Thursday, November 26, 2009

Thanksgiving Greeting

Christmas and Frisky of long ago

To all a Happy Thanksgiving

I can look back on many Thanksgiving days and that is a wonderful thing. There were snowstorms, hardtimes and goodtimes, wars, sadness, and a lot of happiness, but the years kept moving along and in those years are good memories, for many of those I knew and loved are now gone, my goodness the young are abundant in the family so It is a very nice time of the year. Adios

Saturday, November 21, 2009

A Tale of Baldy Mountain

Butcher Redoak

Baldy Mountain

My Friend Two Lanterns

The Patriot

A Tale of Baldy Mountain
Baldy Mountain is located below Bennett Spring on the Niangua River
Settle back with a cup of hot Red Rose tea and a biscuit and journey with Butcher Redoak in a new adventure near Baldy Mountain. The place is real as are the people, but the time, ah I don’t really know, but it was back when men or at least a chosen few were as free as dust devils.

The rode off Baldy Mountain and crossed a shadowed lea
Butcher Redoak on a mean eyed mule with Twinkles John on a dun with a crooked knee
Irish Bob sat on a pinto a stepping high to the Niangua River bank
Astride their mounts they sat a looking about, Ozark men ragged and lank
Irish Bob cradled a Hawkins rifle, Twinkles John a Tennessee
A fifty four Buffalo rifle lay across Butcher’s knee

Twinkles John spat tobacco and nudged the dun
Irish Bob kicked the pinto and squinted into the sun
And they followed Butcher across the river and headed up a brushy draw
Bucher hauled back on the mule and pointed to what he saw
A wisp of smoke a drifting across the trace ahead
The men moved in slowly, showing no fear, but horn was ready and round ball lead
Irish Bob grunted and swore and then gnawed a chew
Twinkles John grinned, nodded, a twinkle a glittering in his eyes of blue
Not far ahead stood an old friend, Two Lanterns wearing buckskin britches dirty and torn

They quickly joined Two Lanterns around a smoky fire and watched as he poured coffee into rusty tins
Two Lanterns divulge a tale and swore it was true of Flatlanders a looking for him
He chuckled and reckoned he could handle all seven of them

It wasn’t long and they heard the Flatlanders riding hard to where they stood
The mean eyed mule shied away and Butcher shouted, but it did no good
He drew a forty four Colt from his belt and squeezed off a round
And saw through the shroud of smoke a Flatlander a lying on the ground
Twinkles John squinted down the Tennessee, brought a man down, laid him to rest
Irish Bob spat an amber fluid and the Hawkins’s roared and a Flatlander fell ending his quest
Two Lanterns nodded and strode to the front of the scene
He spied a fellow wearing green
Two Lanterns brought up a pistol, the Patriot, his next of kin and held it to the left and squeezed off a round
The smoke settled and the Flatlanders were at peace a lying on the ground

The mean eyed mule brayed a looking for comfort and galloped to where Butcher
Butcher whacked the mule gently across the nose, but gave him a boot where it did some good
It was time to leave and the men bid Two Lanterns a fond farewell and again crossed the river and headed out over the shadowed lea
Butcher sat astride the mean eyed mule, Twinkles John on the dun with a crooked knee
Irish Bob sat astride the pinto a prancing high up the river bank
Side by side they rode, Ozark men ragged and lank
Up Baldy Mountain they rode and then turned when they heard a hearty hale
It was Two Lanterns voice a coming from the brushy vale
“Ride easy my friends,” he shouted, “keep your powder dry, watch your topknots and be the best you can.”

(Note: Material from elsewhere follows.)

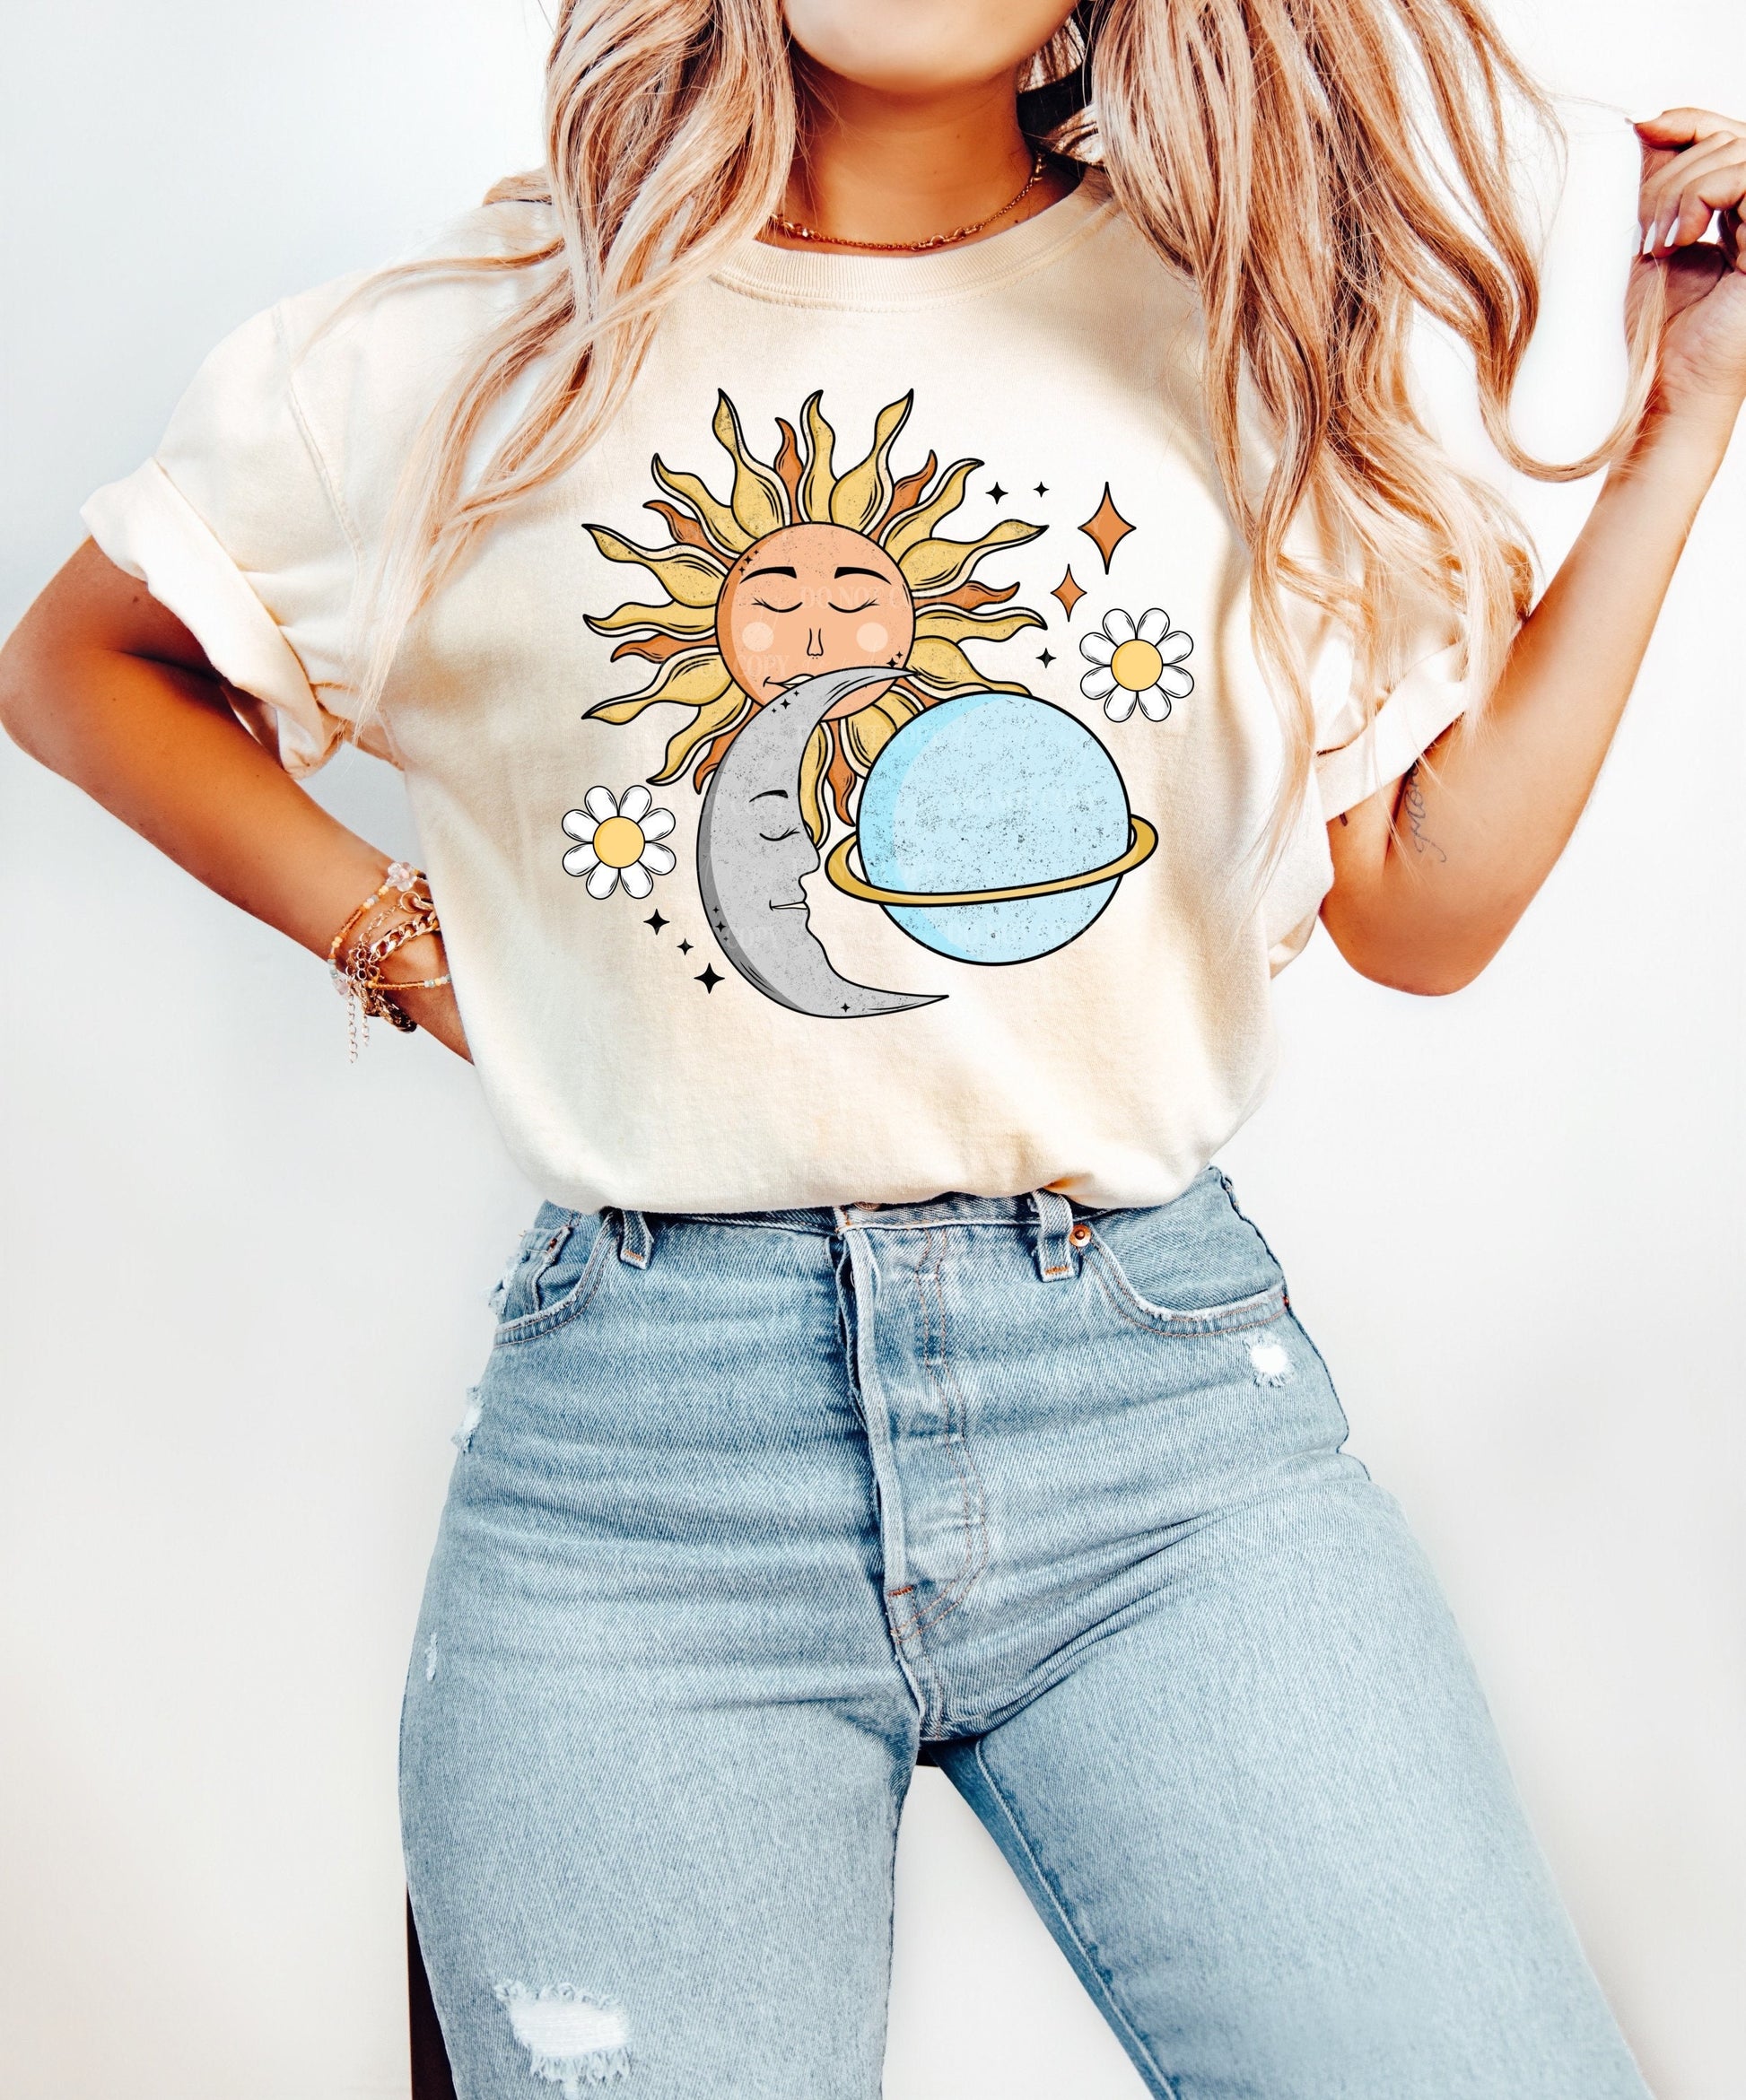 Sun Moon Vibes Shirt, Nature Lover, Outdoor Fun, Forest Wanderer, Wildlife Theme, Nature Inspired Shirt, Cozy Shirt, Whimsical Tee

Adios and to you Two Lanterns wherever you may be, travel easy my friend.

Thursday, November 19, 2009

Brice Missouri of Old

A foot bridge over Bennett Spring near a Baptism site
around 1922

A Time to Remember
Baptisms at Brice Missouri
By Ronnie Powell
On a cold windswept November, Sunday afternoon in 1949 a large crowd of people gathered near the once thriving town of Brice Missouri. The site where these people were congregating was located between the ruins of an old grist mill and a limestone bluff, near water’s edge. Steam from the fifty degree water of Bennett Spring branch wafted up into the wind. The occasion, a baptism was about to take place in the crystal clear water of the branch, a ritual important to most folks then and now.
Situated apart from the rest of the people, were thirty men, women and children waiting at the water’s edge to be baptized. Joyce a young girl at the time, stood with her father near the bank shivering. “I was dressed in light clothing for the immersion and a bit apprehensive of what to expect,” she said. “When at last my turn came, I timidly stumbled out into the stream to stand next to Pastor Earl Scrivener. He immediately led me to deeper water and placed a firm hand over my mouth and nose.”
Raising his eyes skyward the Pastor said. “I now baptize you in the name of the Father, the Son and the Holy Ghost.”
“Seconds later the water closed over me and I thought I would drown,” said Joyce. “When Pastor Scrivener brought me up he immediately led me ashore and I was quickly taken to one of the outhouses to change into dry clothing.”
This particular baptism at Bennett Spring, (Brice) was the aftermath of a six week revival taking place at the Community building in Windyville, Missouri. Earl Scrivener a renowned Baptist minister of the area at that time, endowed with great intensity and persuasion ultimately led the converted and their families to the beautiful Bennett Spring Valley to complete the final aspect of their born again experience.
Minnie Pitts Powell recalled for me a time in the spring of 1922 when she was a small girl accompanying her parents to Bennett Spring, (Brice). The purpose of the journey was to take corn there to be ground into flour and stock feed. The trip began at Hog Eye, Missouri, by wagon heavily laden and lasted from sunup to sundown.
“The next morning after the corn was delivered to the mill the family learned there was to be a baptism later in the morning.
“We had nothing better to do and decided to attend the event,” Minnie said. “There were a large number of wagons, buggies, saddle horses and a few automobiles parked along the stream and many people were gathering at the baptism site. We were later invited to share a bountiful meal spread out on the ground and met many people including kin for the first time.”
Baptisms are still being conducted in several of the streams across the country. Dousinberry Creek and Four Mile are but two of the tributaries of the Niangua River where these events take place. The Niangua River at the Williams Ford, Moon Valley and Windyville Bridge are also among the sites where baptisms still occur.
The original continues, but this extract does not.